April 19, 2026 - On the Back Side of the Desert
On the Back Side of the Desert
The Sufficiency of God
Introduction
Every servant of God eventually finds himself on "the backside of the desert." It's the place of waiting, of silence, where yesterday's dreams feel distant and tomorrow's promises feel delayed.
Moses knew it well. Once a prince in Pharaoh's palace, he had tried to deliver his people in his own strength — and failed. Forty years later, at eighty years old, he was tending another man's sheep in the wilderness. His platform had shrunk to a flock on the back side of nowhere.
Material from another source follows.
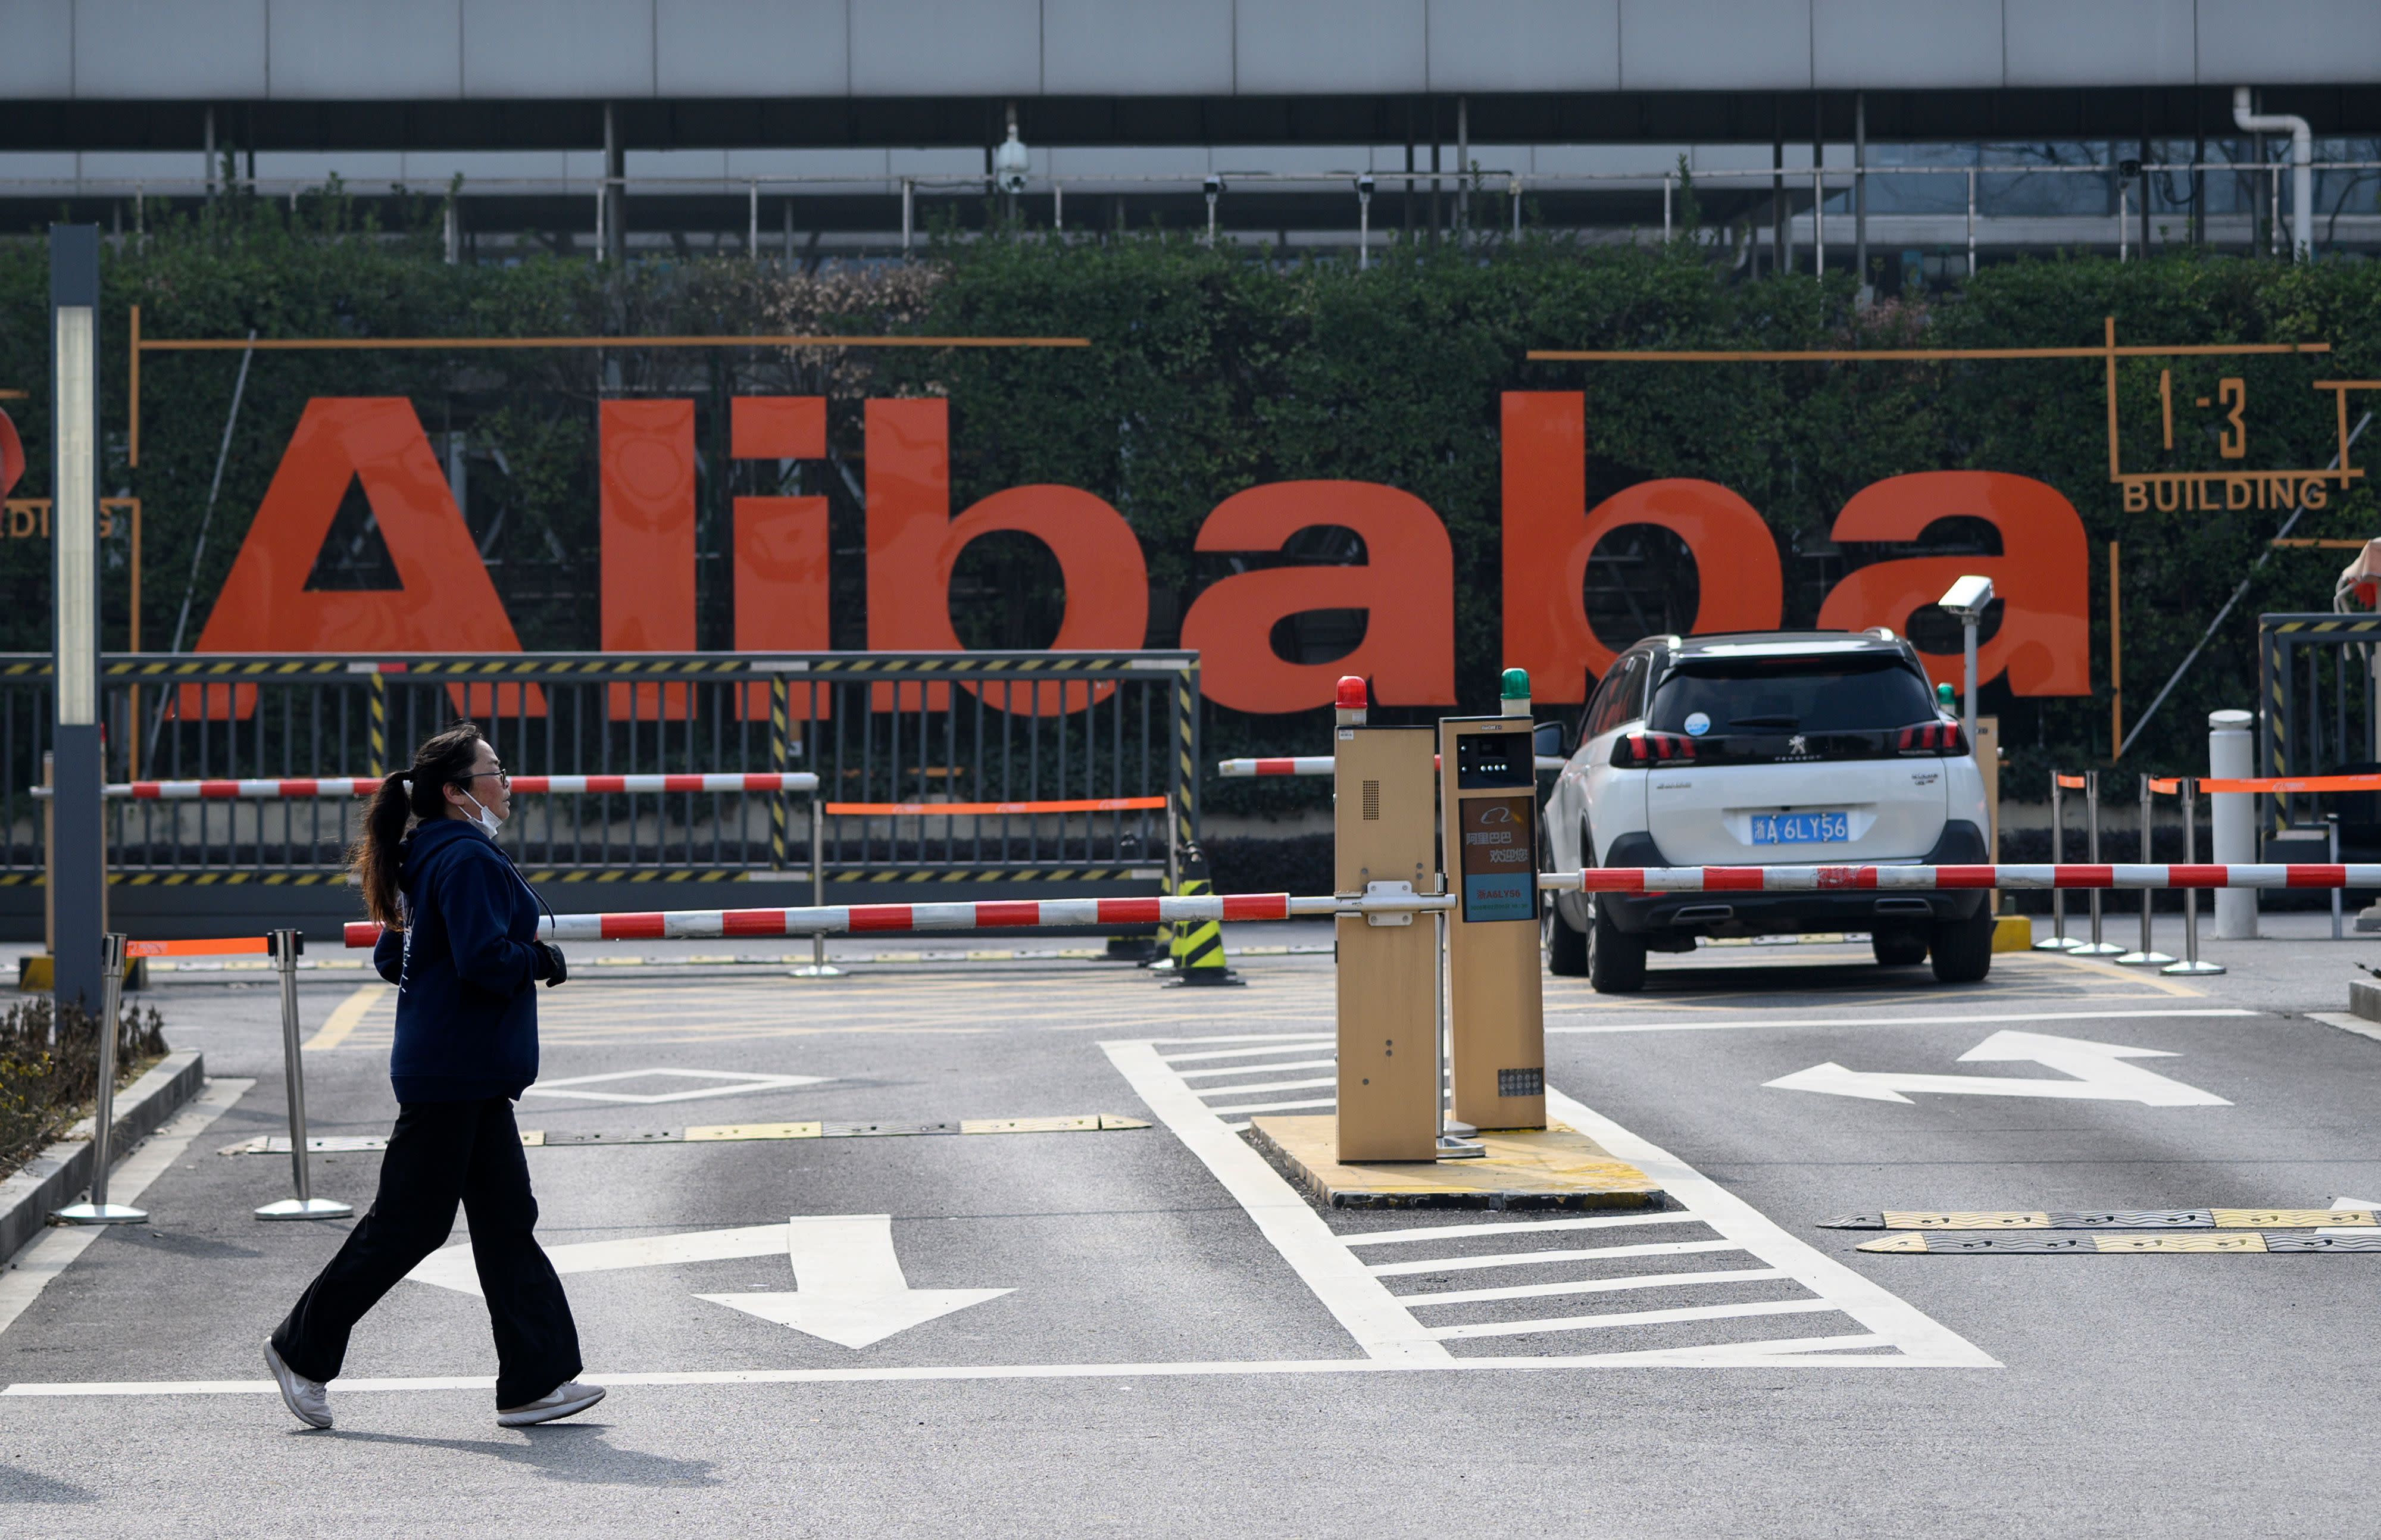 Alibaba beats earnings estimates, revenue climbs 38%

But that is exactly where God showed up. Because the back side of the desert isn't where God abandons us — it's where He prepares us to discover that He is enough.
The Text
Exodus 3:1-10 (KJV)
¹ Now Moses kept the flock of Jethro his father in law, the priest of Midian: and he led the flock to the backside of the desert, and came to the mountain of God, even to Horeb.
² And the angel of the Lord appeared unto him in a flame of fire out of the midst of a bush: and he looked, and, behold, the bush burned with fire, and the bush was not consumed.
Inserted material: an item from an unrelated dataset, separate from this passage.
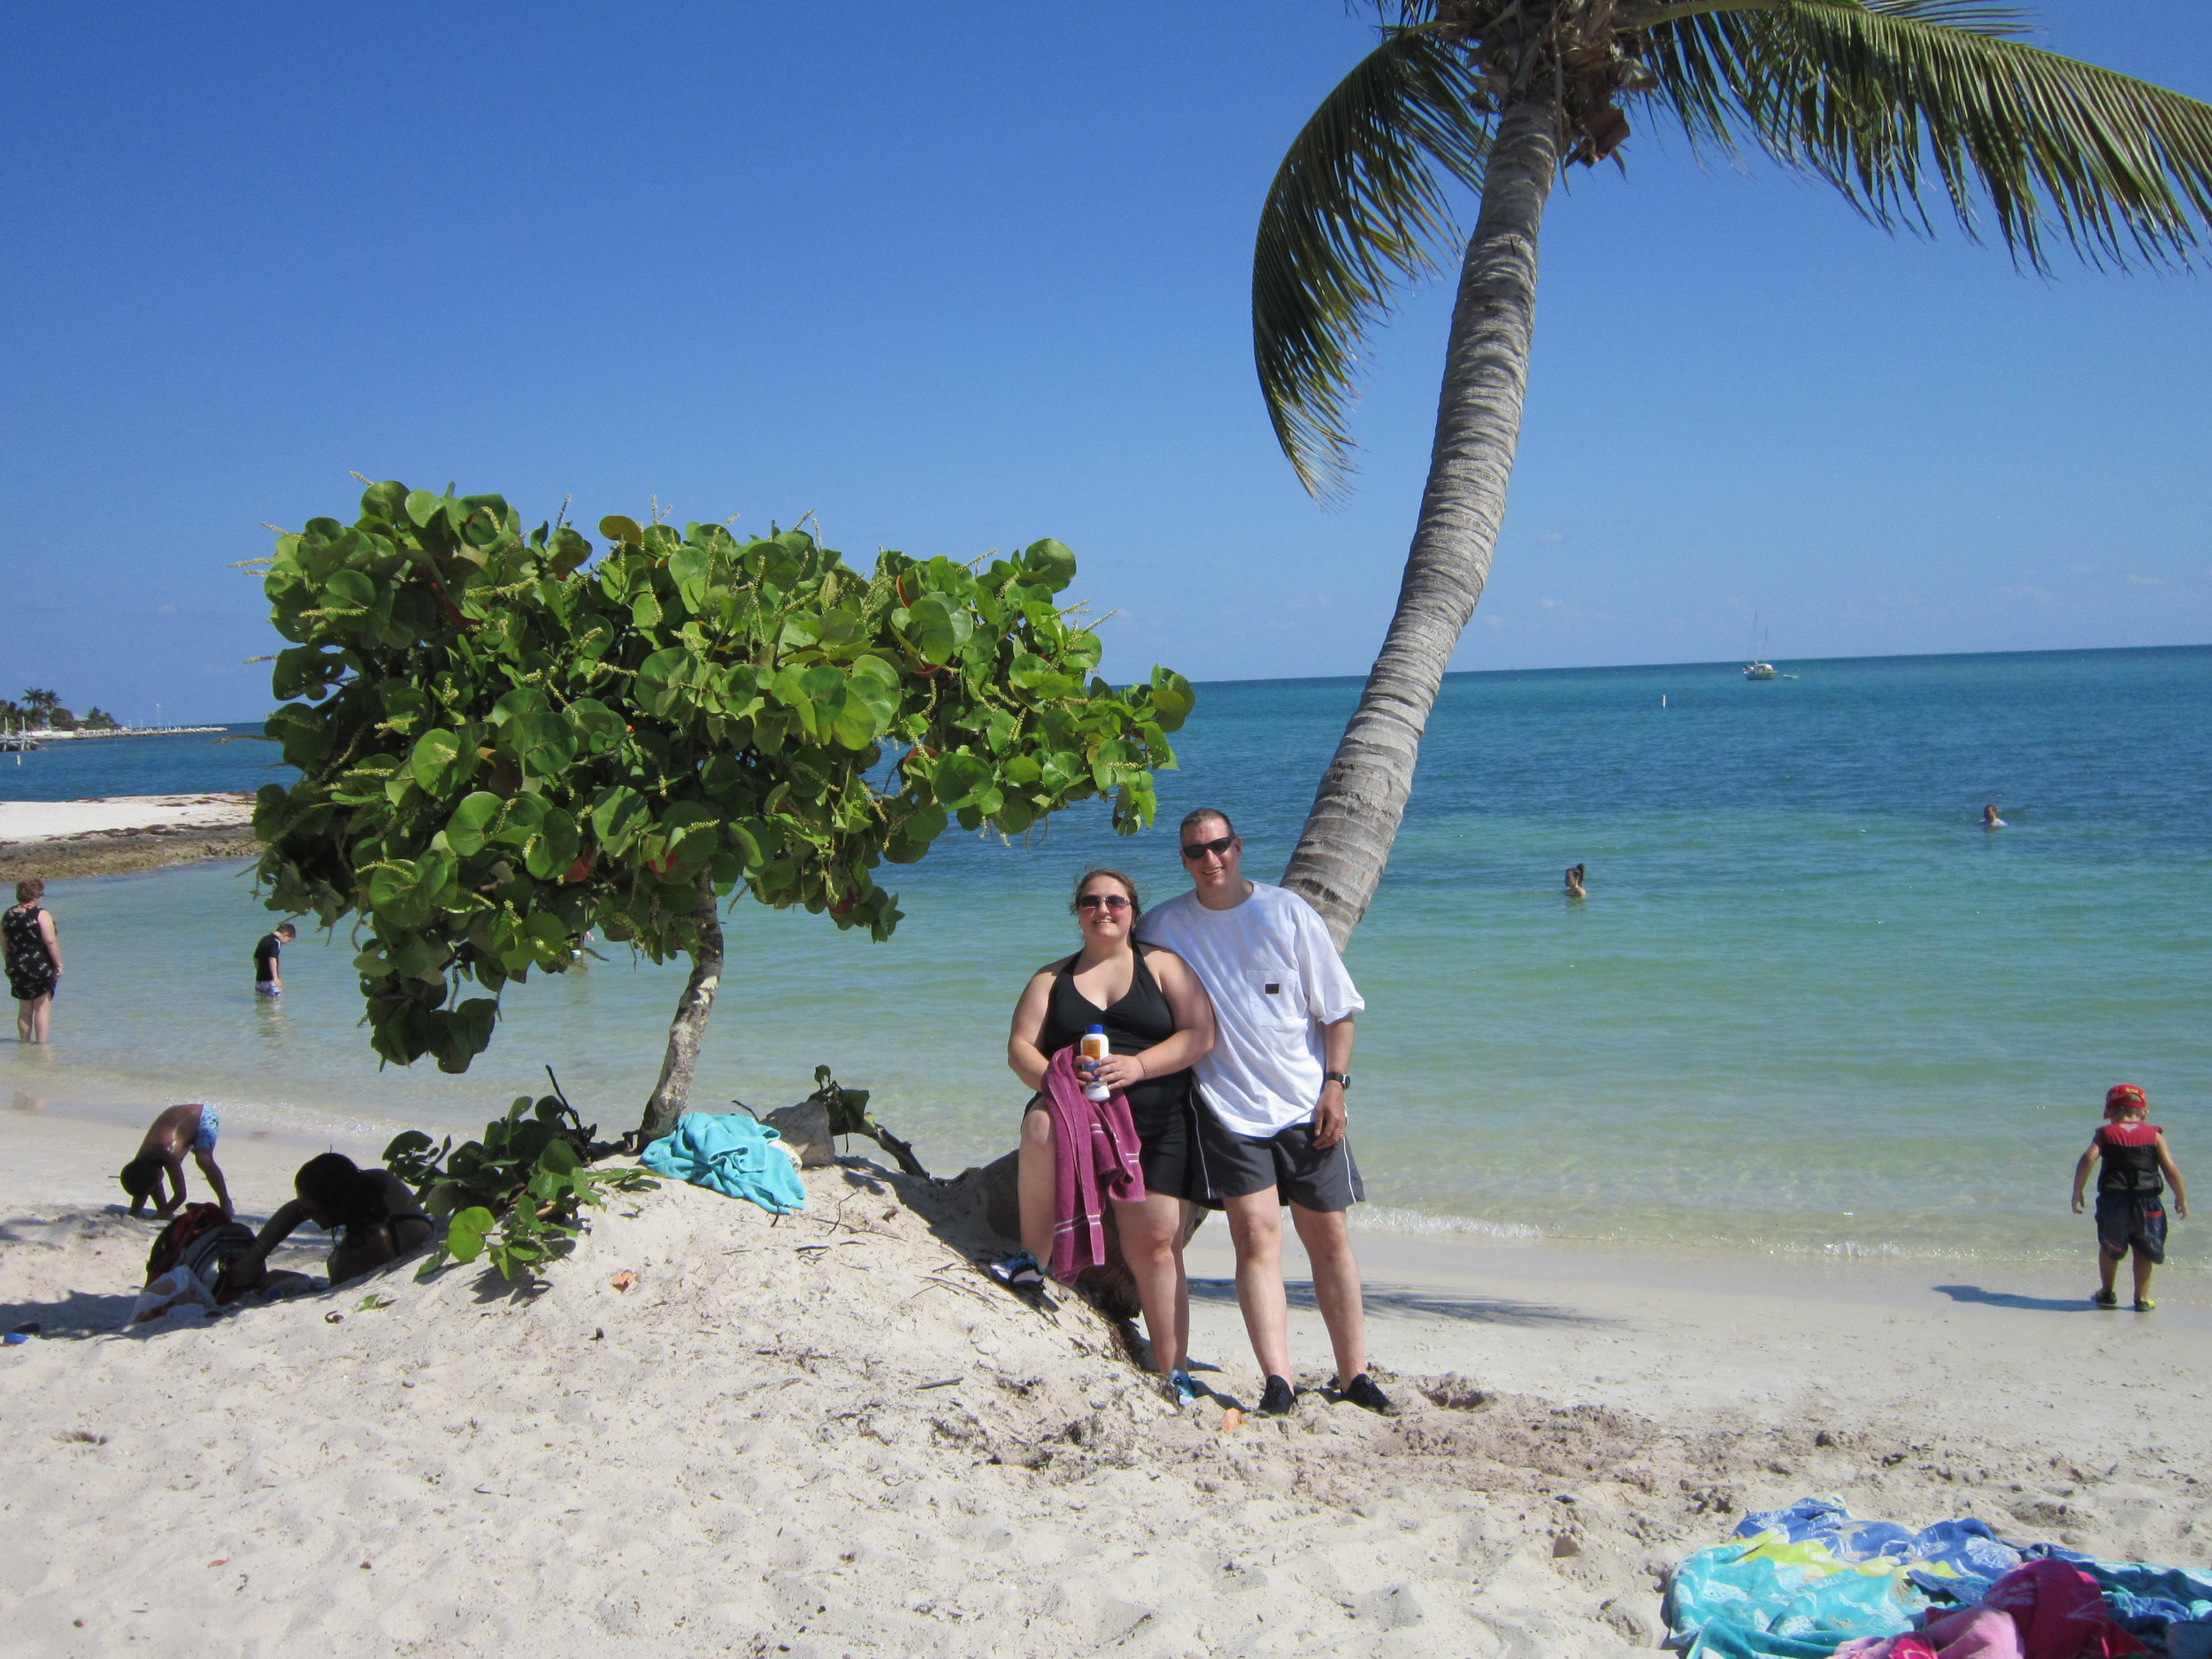 swimming in the ocean at sombrero beach in marathon key, florida

³ And Moses said, I will now turn aside, and see this great sight, why the bush is not burnt.
⁴ And when the Lord saw that he turned aside to see, God called unto him out of the midst of the bush, and said, Moses, Moses. And he said, Here am I.
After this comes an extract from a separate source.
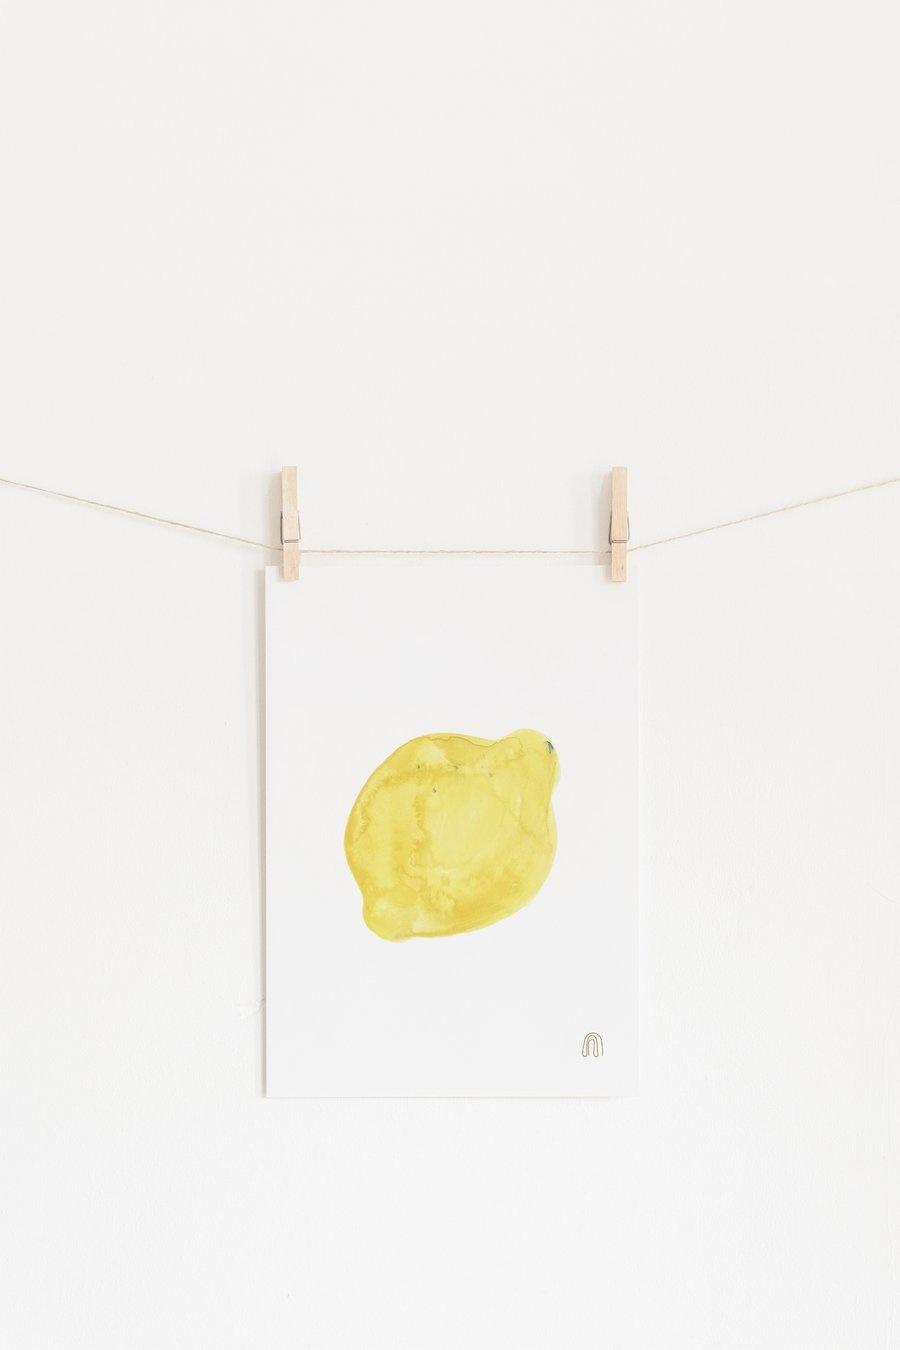 Citron Art poster

⁵ And he said, Draw not nigh hither: put off thy shoes from off thy feet, for the place whereon thou standest is holy ground.
⁶ Moreover he said, I am the God of thy father, the God of Abraham, the God of Isaac, and the God of Jacob. And Moses hid his face; for he was afraid to look upon God.
⁷ And the Lord said, I have surely seen the affliction of my people which are in Egypt, and have heard their cry by reason of their taskmasters; for I know their sorrows;
⁸ And I am come down to deliver them out of the hand of the Egyptians, and to bring them up out of that land unto a good and a large land...
⁹ Now therefore, behold, the cry of the children of Israel is come unto me: and I have also seen the oppression wherewith the Egyptians oppress them.
¹⁰ Come now therefore, and I will send thee unto Pharaoh, that thou mayest bring forth my children of Israel out of Egypt.
The Sufficiency of God
Look carefully at what God says in these two verses.
"The cry is come unto me." God doesn't ask Moses to point out the problem — He has already seen it, already heard it, already come down. The deliverance was settled in heaven before it was ever announced in the wilderness. That is the sufficiency of God. He is never reacting, never scrambling, never waiting on us to notice.
"I will send thee." He doesn't tell Moses to devise a plan or deliver Israel in his own strength. He says, "I will send."The sending is His. The sufficiency is His. Moses isn't the deliverer — he's the vessel.
This is the pattern for every servant on the back side of the desert:
God sees what we cannot fix.
God hears what we cannot answer.
God sends us — not in our sufficiency, but in His.
Moses would protest his inadequacy again and again. To every objection, God gave the same answer: "Certainly I will be with thee." The sufficiency was never in Moses. It was always in the God who sent him.
Conclusion
Maybe you're on your own back side of the desert right now — dreams feeling dead, years feeling wasted, the call of God feeling far away. Take heart. The same God who met Moses in a burning bush still meets His servants in the wilderness.
He has already seen. He has already heard. He has already come down. And when He sends you, He will not send you alone — because the sufficiency is not in you. It is in Him.